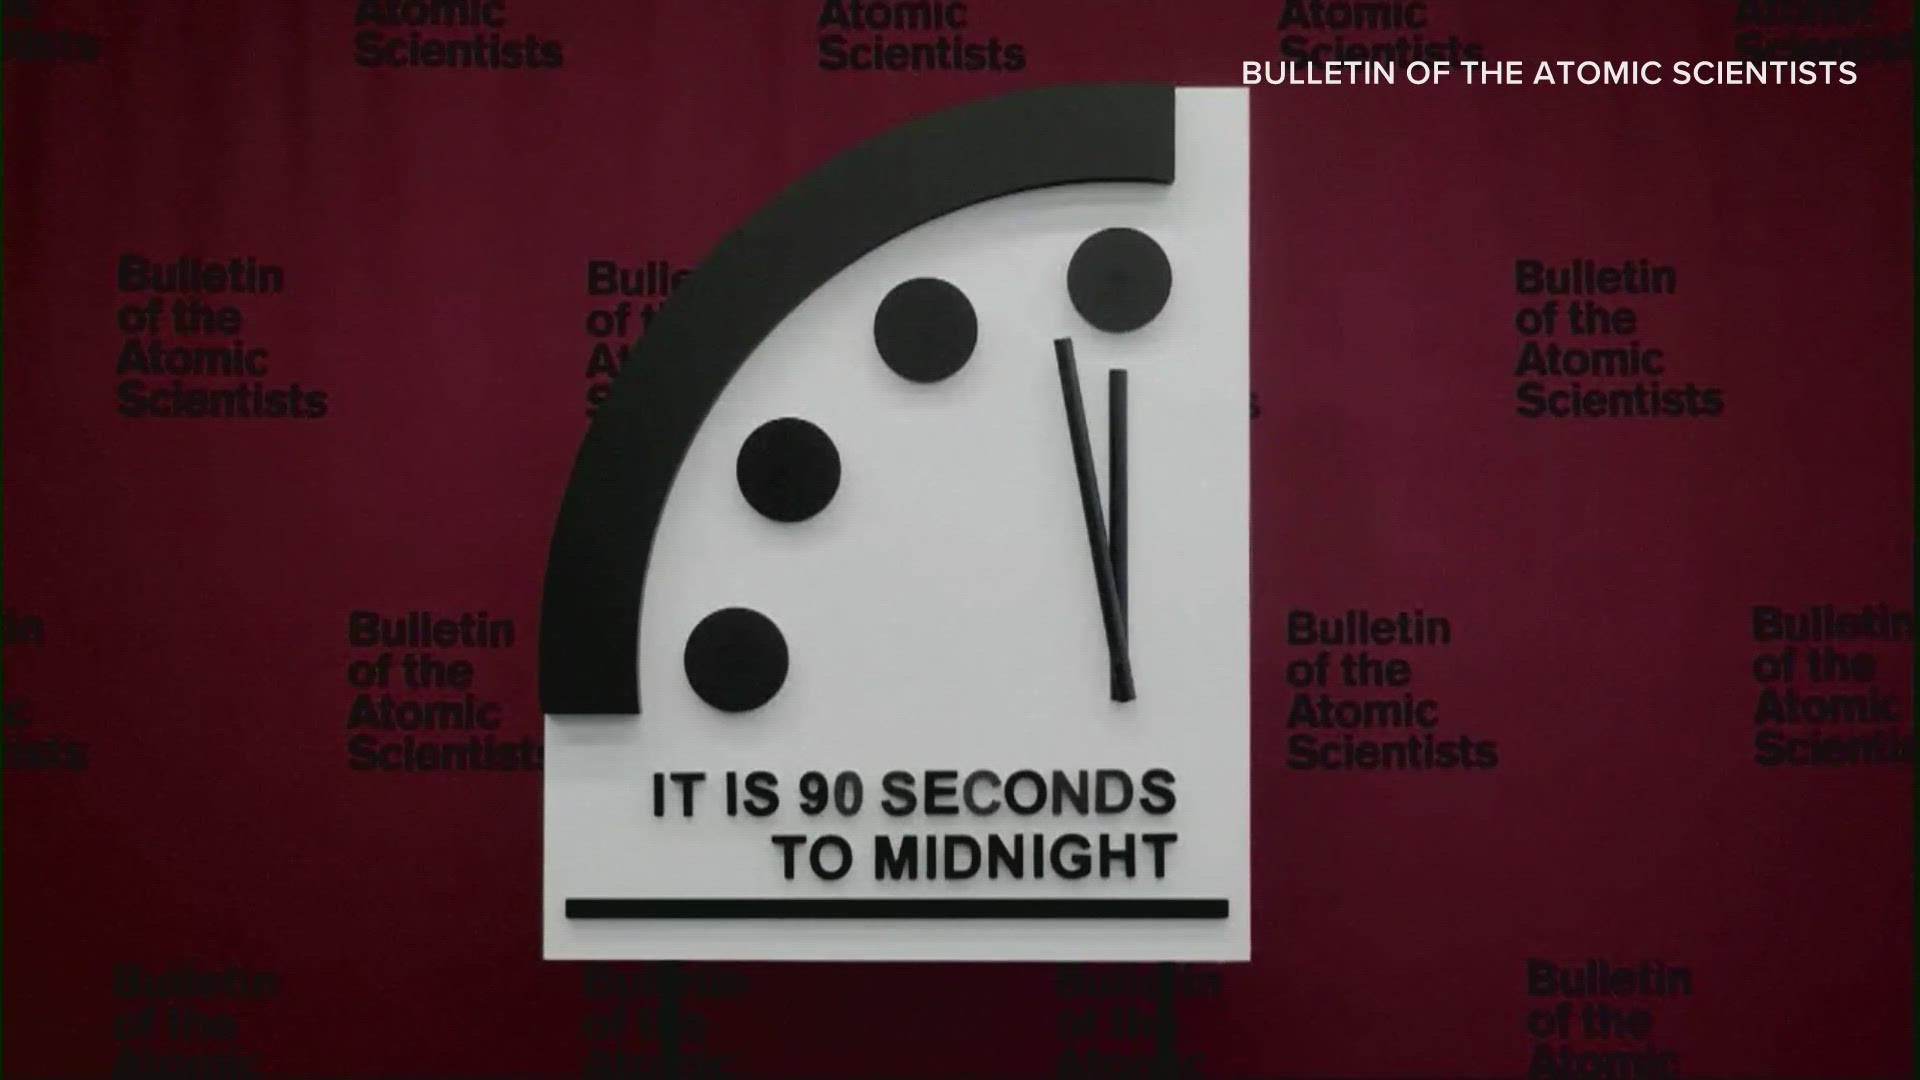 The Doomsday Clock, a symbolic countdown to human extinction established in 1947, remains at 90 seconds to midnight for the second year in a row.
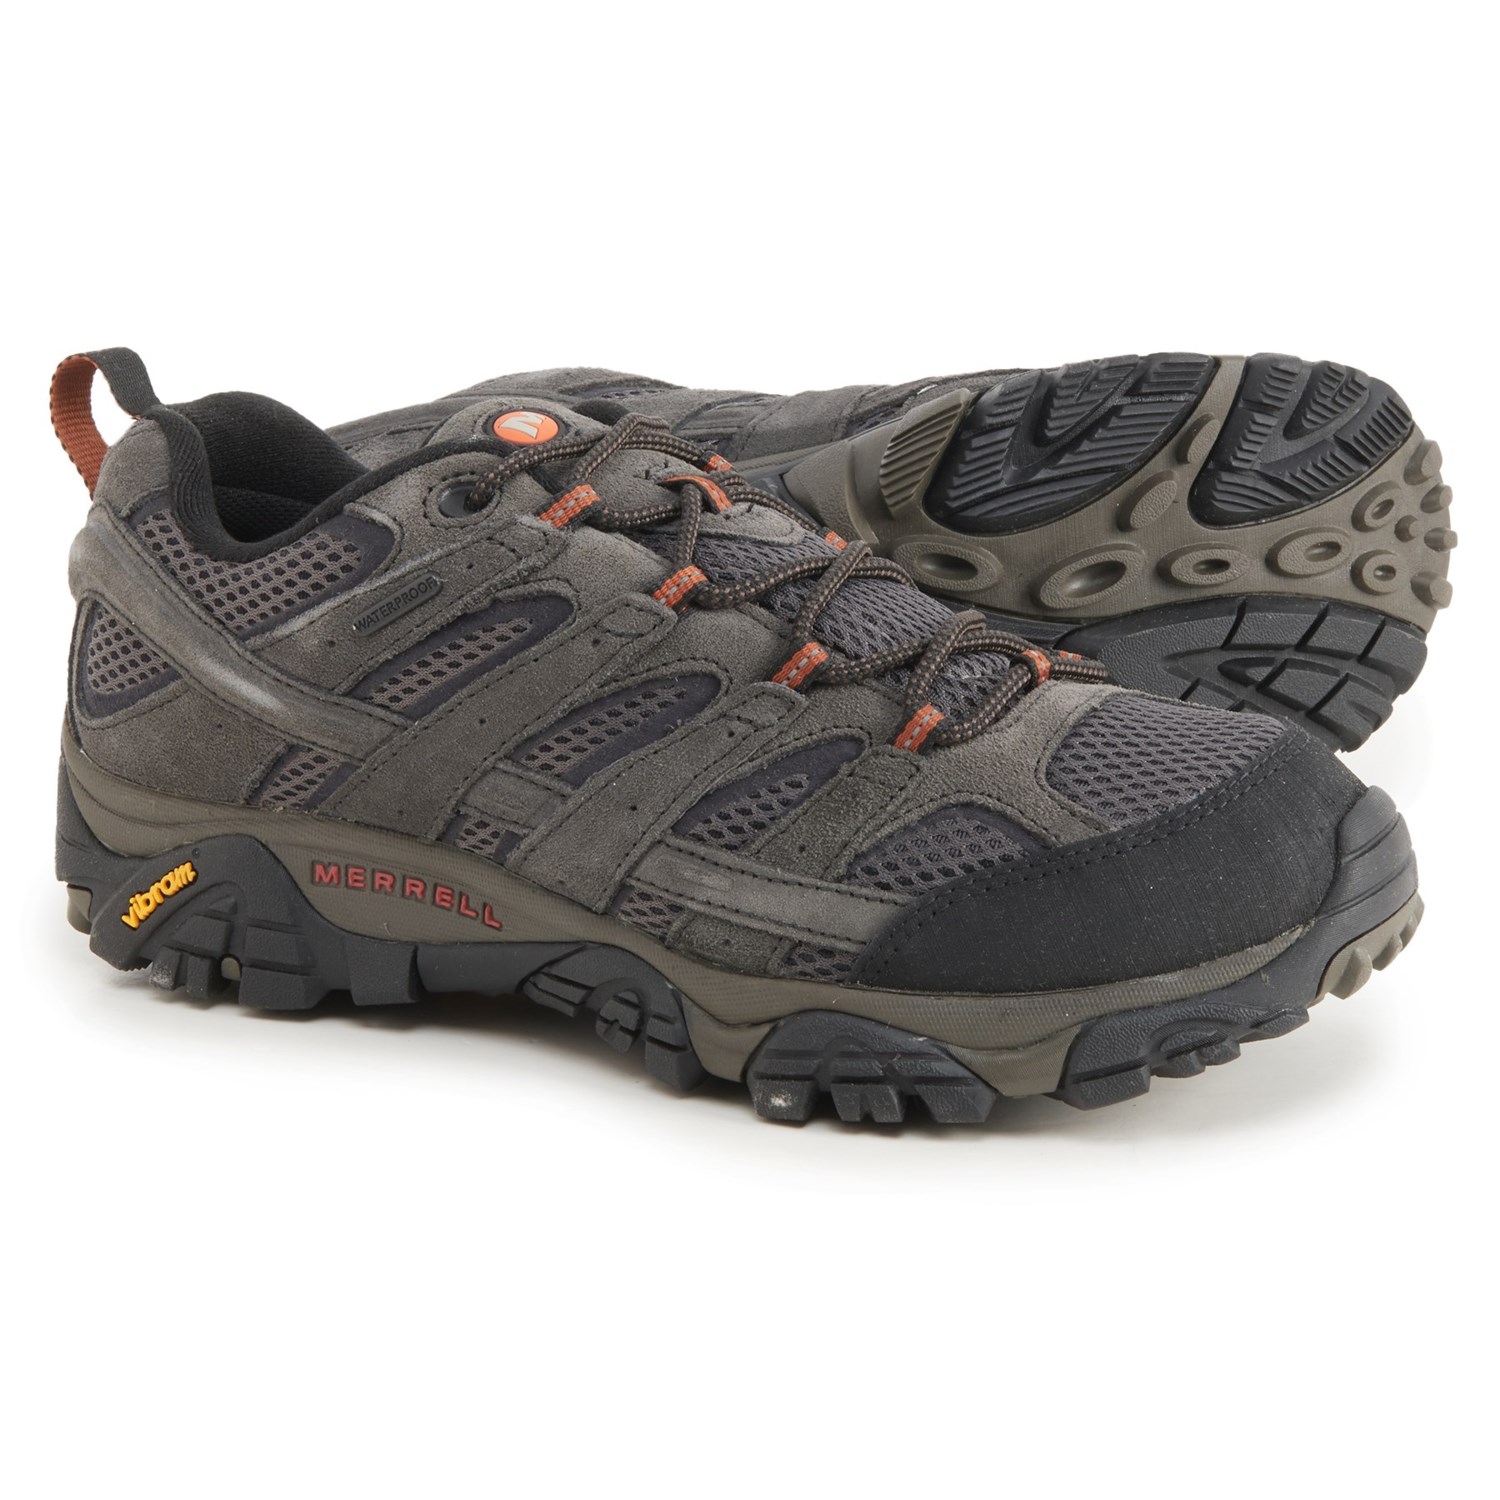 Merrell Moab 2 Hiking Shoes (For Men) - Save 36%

***

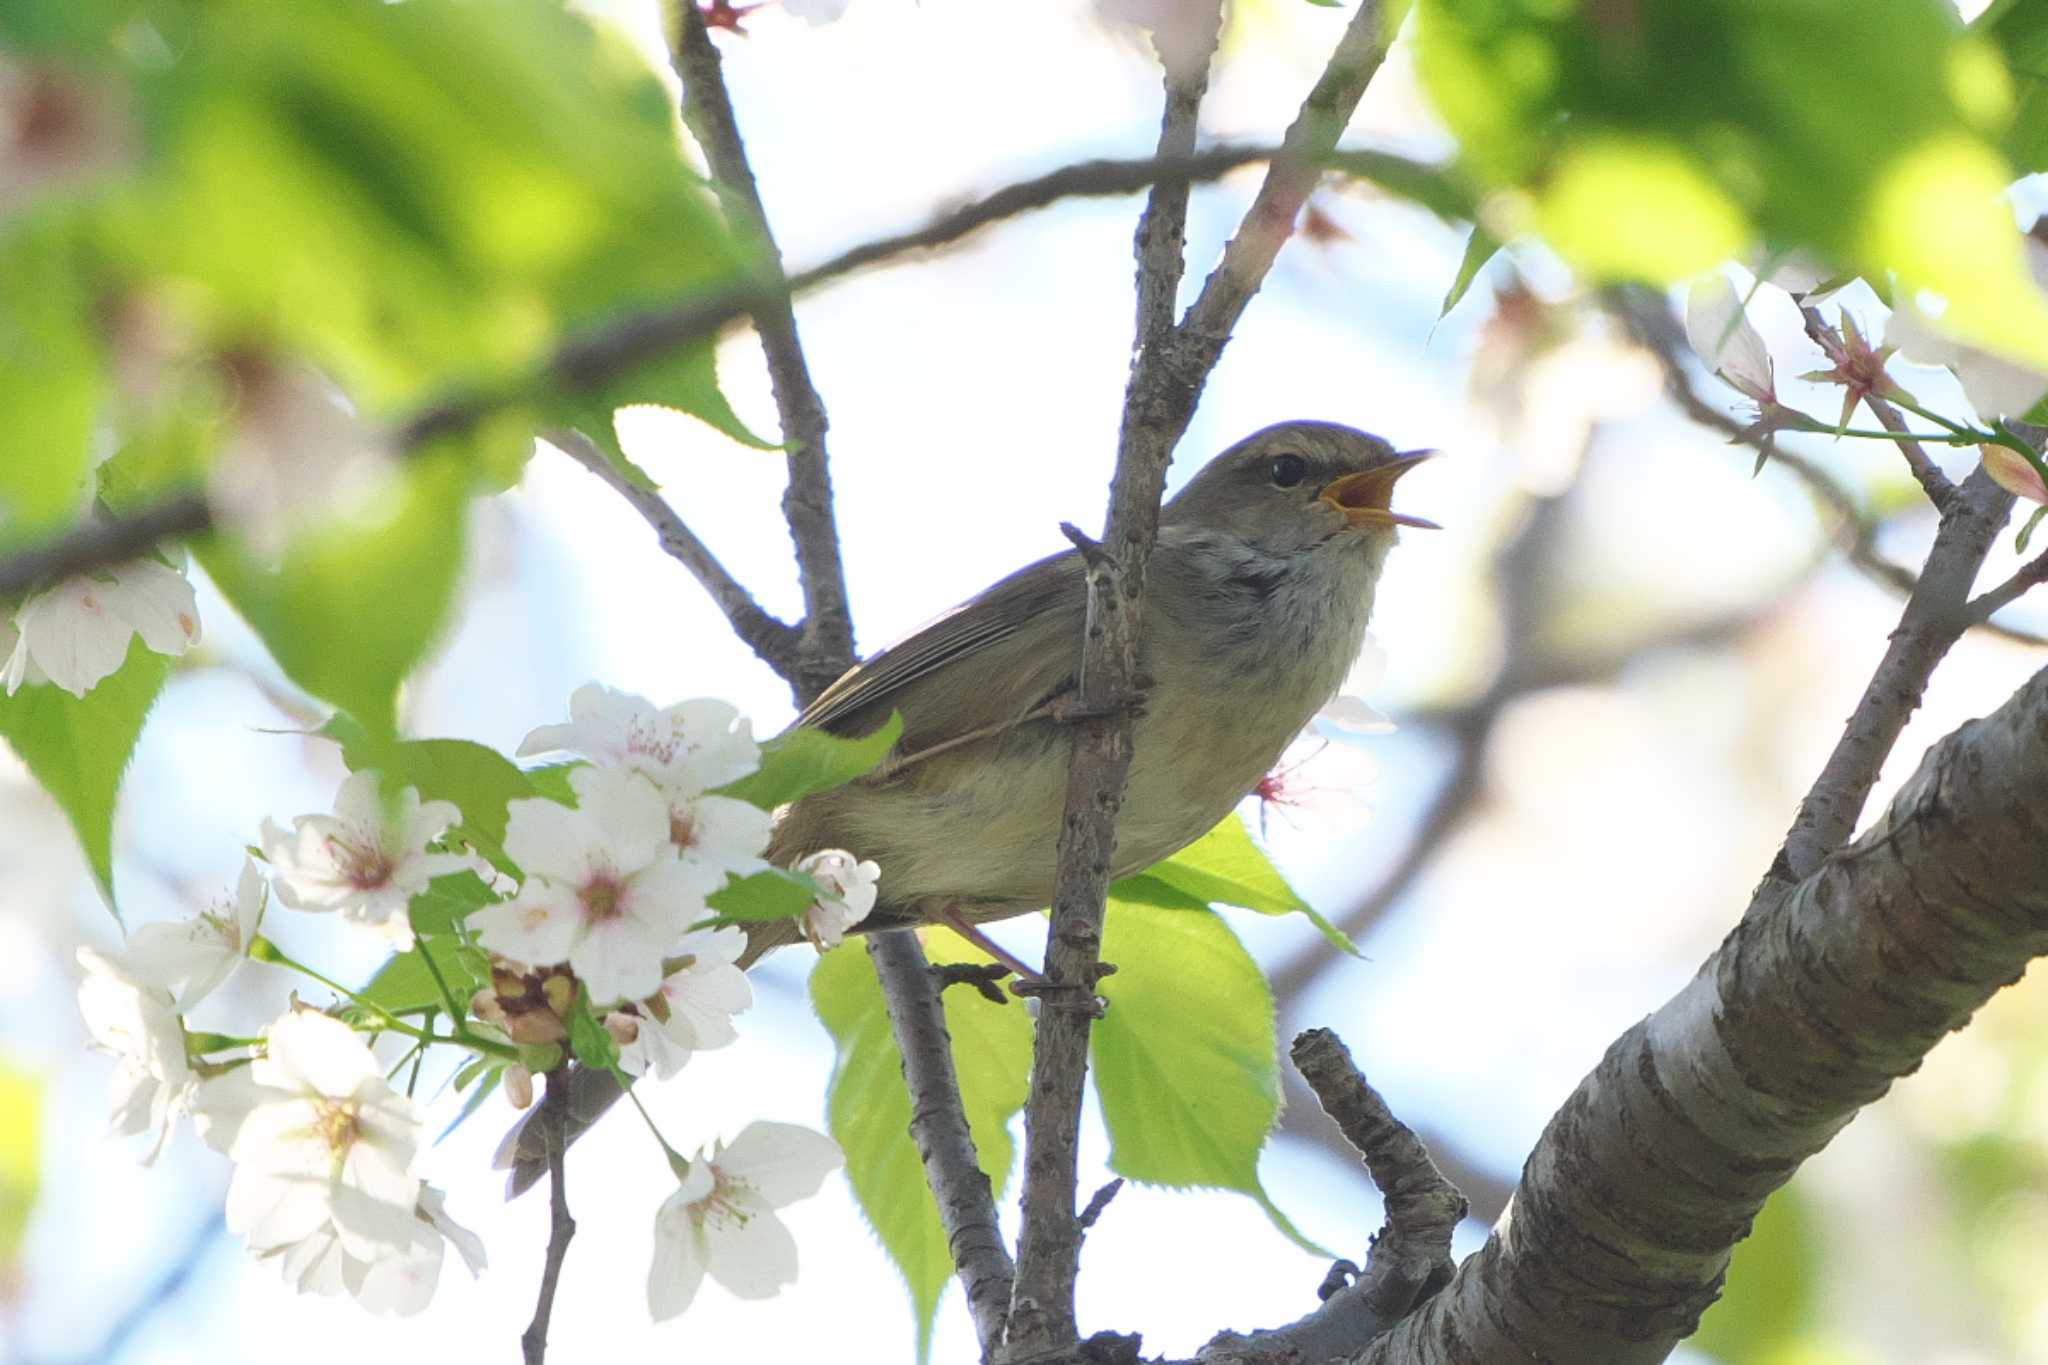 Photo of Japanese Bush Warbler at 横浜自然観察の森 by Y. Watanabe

***

Print from the line containing "The Doomsday Clock, a" through the line containing "Merrell Moab 2" in the data above, exactly as the lines stand, and omit every picture.

 The Doomsday Clock, a symbolic countdown to human extinction established in 1947, remains at 90 seconds to midnight for the second year in a row.
 Merrell Moab 2 Hiking Shoes (For Men) - Save 36%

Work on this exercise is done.